Отдавая колени и руки моим поцелуям, он слушал прилив моих воплей о милости и о прощеньи.
И губы его разорвались —: к чему сожаленья – ты видишь – я жив.
Это звуки гортани его!.. Тепло его тела святое! И я могу пить пересохшим растреснутым ртом этот ветер зиждительный, ветер святого тепла… Мне дана невозможная радость!.. и это не сон? не виденье? не миги последние жизни?..
423. Мир это – дом весь сложенный непрочно…
Мир это – дом, весь сложенный непрочно из кирпичей полупрозрачных дней. Все призрачно, все непонятно, точно идешь по жалам тухнущих лучей.
Зажав ладонью пламя робкой свечки, я подымаюсь в мир родного сна, где ждет меня с войны у жаркой печки, задумавшись над жизнью, Тишина.
Мне хочется в припадке нежной лени, целуя руки тихие, уснуть.
Но все рябят прогнившие ступени и тьма толкает в бездну вбок шагнуть.
424. Вечно может быть рано и вечно может быть поздно…
1Вечно может быть рано и вечно может быть поздно все снова и снова касаться губами поющей тростинки и лить из горящего сердца все новые песни.

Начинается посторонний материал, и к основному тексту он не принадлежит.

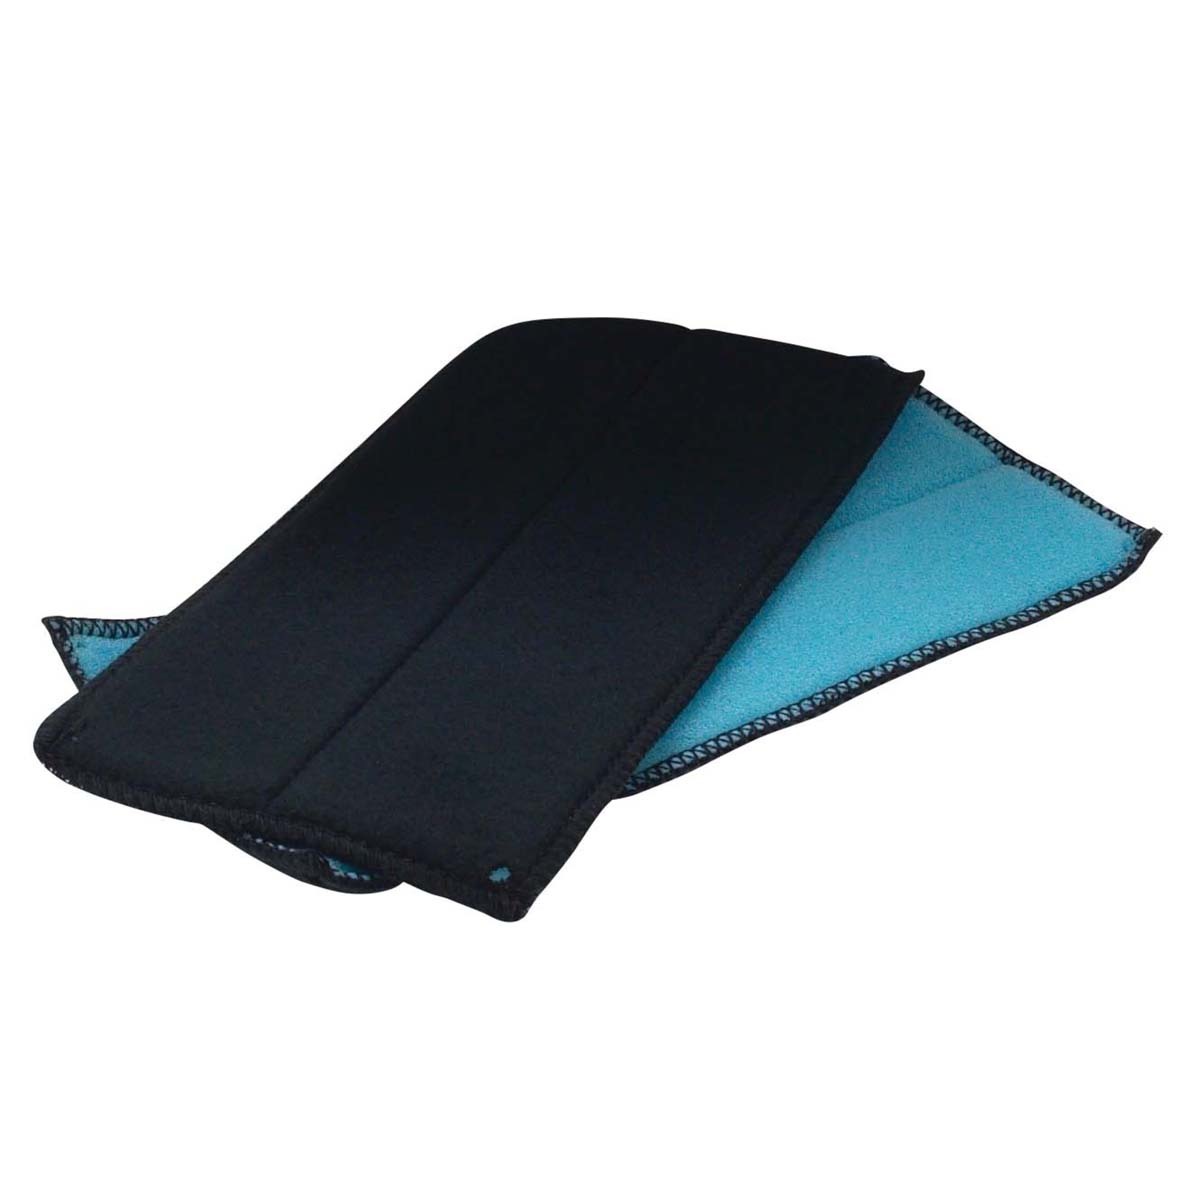 Jackson Safety® Black And Blue Terry Cloth Sweatband

Но с каждой весною чудесней скопляются тени, загадочней падают звуки на дно потемневших озер и всплывает узор на поверхности водной, узор отдаленных созвездий.
И тише становятся песни, ясней зажигаются взгляды, и рада стоглазая ночь покрывать меня тихим своим покрывалом, шептать, обдавая дыханьем, и меньше все надо прозрачному теплому телу.
425. От моих поцелуев трепещут и бьются…
2От моих поцелуев трепещут и бьются пугливые руки. И звуки печальные слов я готов уронить – я роняю – в пустые глухие разрывы часов пролетающей ночи.
Я вижу воочию лик непонятно святой, лик сияющий – той, что послушно отда́ла безвольные руки рукам моим… Больно, мне больно от скорби, склоняющей лик побледневший – почти потемневший от тайной тоски.
Что же это такое?!.
Мы рядом, мы близко… тела поднимают цветы, восклицая: эвое! в расцвете зари, разрывая кровавые тучи, срываются ветром веселые звуки тимпанов…
и две устремленых души – точно трели цевницы – в мечте голубиной туманов…
Зачем же бледны наши лица? Какая зловещая птица парит над уснувшею кровлей и бьется в ночные слепые и черные окна? Зачем пробегает по сомкнутым скорбным губам вереница улыбок – загадочных, странных, больных?
Что скрываешь, о чем ты молчишь, непонятная девушка?
Тело твое вдохновенное, тело твое совершенное здесь, рядом с телом моим – вот, я слышу шум крови, дрожание жизни; касаюсь его, изучаю черты, покрываю усталую голову жесткими косами, точно застывшее пламя лучей…
Правда, – миг…
но пусть будет он ночью, пусть тысячью и миллионом ночей, – разомкнутся ли губы, сойдут ли слова, пробегут ли случайные тени? взойдет ли нога на ступени, откроет ли робко рука двери храма, святая святых, полутемного, полупрохладного; возле ковчега склоню ли колени, ковчега твоей плотно замкнутой тайны?
Зачем так случайно, зачем так печально меня повлекло к твоему непонятному телу?
зачем так послушно ты мне протянула пугливые руки, несмелые звуки признаний прослушала молча?
Вот, нету теперь ожиданий трепещущей радости, нету желаний влекущего грознокипящего злого предела!
Пропела печальная флейта и нет уже звуков – в ответ – еле слышное эхо в лесах – над рекой.
Я почти ощущаю широкие взмахи несущейся ночи.
И точно вздымаются в страхе далекие дни, как крикливая стая, взлетая и падая вниз.
Вот спокойно и твердо встаю – так пойду я навстречу опасности, полный сознанья ее.
Голос тверд и отчетливы жутко движенья. Ты чувствуешь это и ты уронила: мне страшно…
Глухо закрылось крыльцо, сквозь стеклянную дверь потемнело склонилось лицо.
Ухожу с каждым шагом все дальше…
426. Из «Петруши». Часть вторая
3сц. IIГрязная кухонка. Большая печь. Грязные ведра, метла, связка дров. Корыто. В углублении засаленная штопаная постель.
Тетка – старая, сухая, в мужниных сапогах. Входит Петруша.
Тетка: куда только тебя черти носят? навязался на мою шею! красавец! Горб-то спрячь свой, чего выставил. Тетка старая, еле ноги волочит, а ему бы по полям шнырять. Сели на мою шею… Вынеси ведро.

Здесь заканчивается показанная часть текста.